Speckle, who had been driven to the gate for Edna's inspection, stood close to the paling, thrusting her pearly horns through the cracks, and watching the party at the table with her large, liquid, beautiful, earnest eyes; and afar off Lookout rose solemn and sombre.

"Edna, you eat nothing. What ails you, child! They say too much brainwork is not healthy, and I reckon you study too hard. Better stay here with me, honey, and run around the woods and get some red in your face, and churn and spin and drink buttermilk, and get plump, and go chestnutting with my children. Goodness knows they are strong enough and hearty enough, and too much study will never make shads of them: for they won't work their brains, even to learn the multiplication table. See here, Edna, if you will stay a while with me, I will give Speckle to you."

"Thank you, dear Mrs. Wood, I wish I could; but the lady who engaged me to teach her children, wrote that I was very much needed; and, consequently, I must hurry on. Speckle is a perfect little beauty, but I would not be so selfish as to take her away from you."

Clouds began to gather in the southwest, and as the covered cart was brought to the gate, a distant mutter of thunder told that a storm was brewing.

Mrs. Wood and her two children accompanied the orphan, and as they drove through the woods, myriads of fireflies starred the gloom. It was dark when they reached the station, and Willis brought the trunks from the hotel, and found seats for the party in the cars, which were rapidly filling with passengers. Presently the down-train from Knoxville came thundering in, and the usual rush and bustle ensued.

Mrs. Wood gave the orphan a hearty kiss and warm embrace, and bidding her "Be sure to write soon, and say how you are getting along!" the kind-hearted woman left the cars, wiping her eyes with the corner of her apron.

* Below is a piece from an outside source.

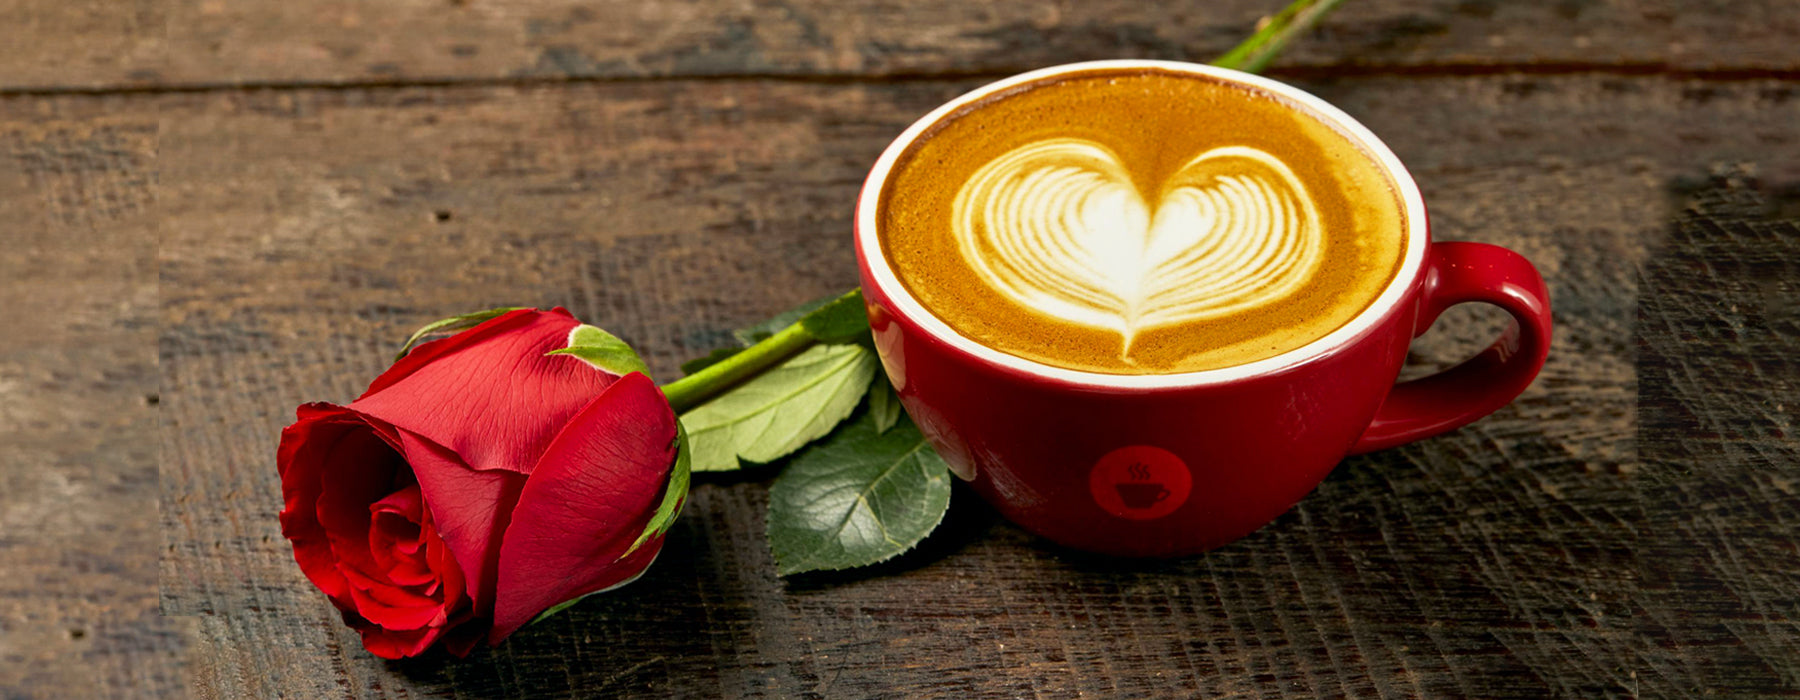 A Valentine's Gift Guide For Coffee Lovers - EspressoWorks

At last the locomotive signalled that all was ready; and as the train moved on, Edna caught a glimpse of a form standing under a lamp, leaning with folded arms against the post—a form strangely like Mr. Murray's. She leaned out and watched it till the cars swept round a curve, and lamp and figure and village vanished. How could he possibly be in Chattanooga? The conjecture was absurd; she was the victim of some optical illusion. With a long, heavily-drawn sigh, she leaned against the window-frame and looked at the dark mountain mass looming behind her; and after a time, when the storm drew nearer, she saw it only now and then, as

"A vivid, vindictive, and serpentine flash
Gored the darkness, and shore it across with a gash."